Landman has the recipe to be a Yellowstone-style hit
Just when Yellowstone thirsts have finally been quenched, Paramount+ has another tale to tangle out the existential issues of life in the you ess of ay.
With Landman, Taylor Sheridan takes what Yellowstone did for ranching in Montana and turns it to the world of oil extraction in West Texas.

If you needed any further evidence of how successful Yellowstone and its overlord Sheridan have become, the call sheet for Landman is a decent indication. It’s a murderer’s row of greats: Billy Bob Thornton, Jon Hamm, Demi Moore, Andy Garcia and Michael Peña.

In this masculine ideal setting, Landman is populated with women in a man’s world. Like Yellowstone’s Beth Dutton, the show has a fantasy of the empowered, kick-ass woman with Demi Moore and Ali Larter’s powerhouse wives. But they’re always operating in service of the men around them.

Moore is wholly wasted as the dutiful wife, stuck in scenes where the camera leaves her in favour of Hamm gabbing on the phone, while Larter’s Angela follows Beth down the path to becoming an over-sexed, grizzled hellcat.
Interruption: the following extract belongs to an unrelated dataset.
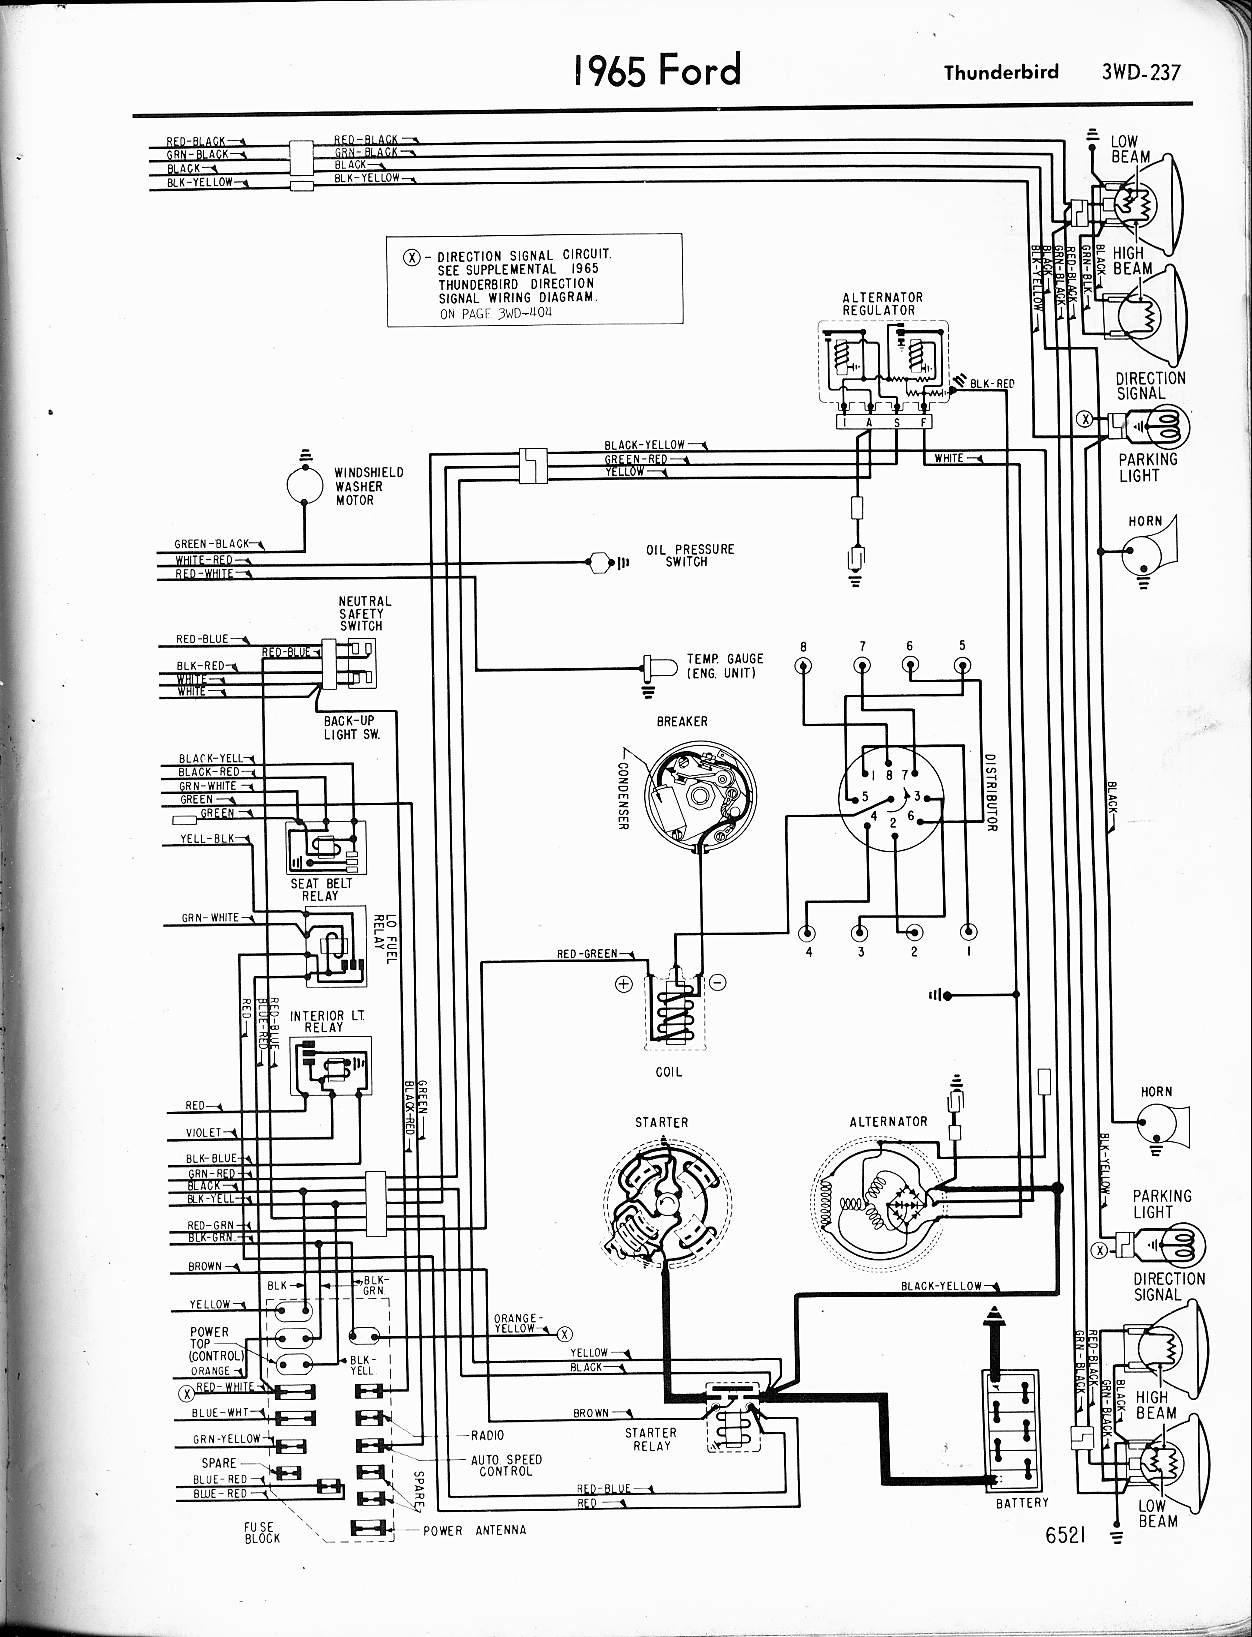 Superb 1964 Thunderbird Wiring Diagram Car Wiring Diagram Wiring Cloud Itislusmarecoveryedborg

The most egregious entry is Tommy’s teenage daughter Ainsley (Michelle Randolph), whose scenes play out like a lo-fi Electra Complex nightmare. Inexplicably, she is almost always barely dressed, prancing around in front of her dad and his geezer mates with creepy lingering shots over her rear end. Is this something a teenager would really do? Or what a certain man would like to think a teenager would do?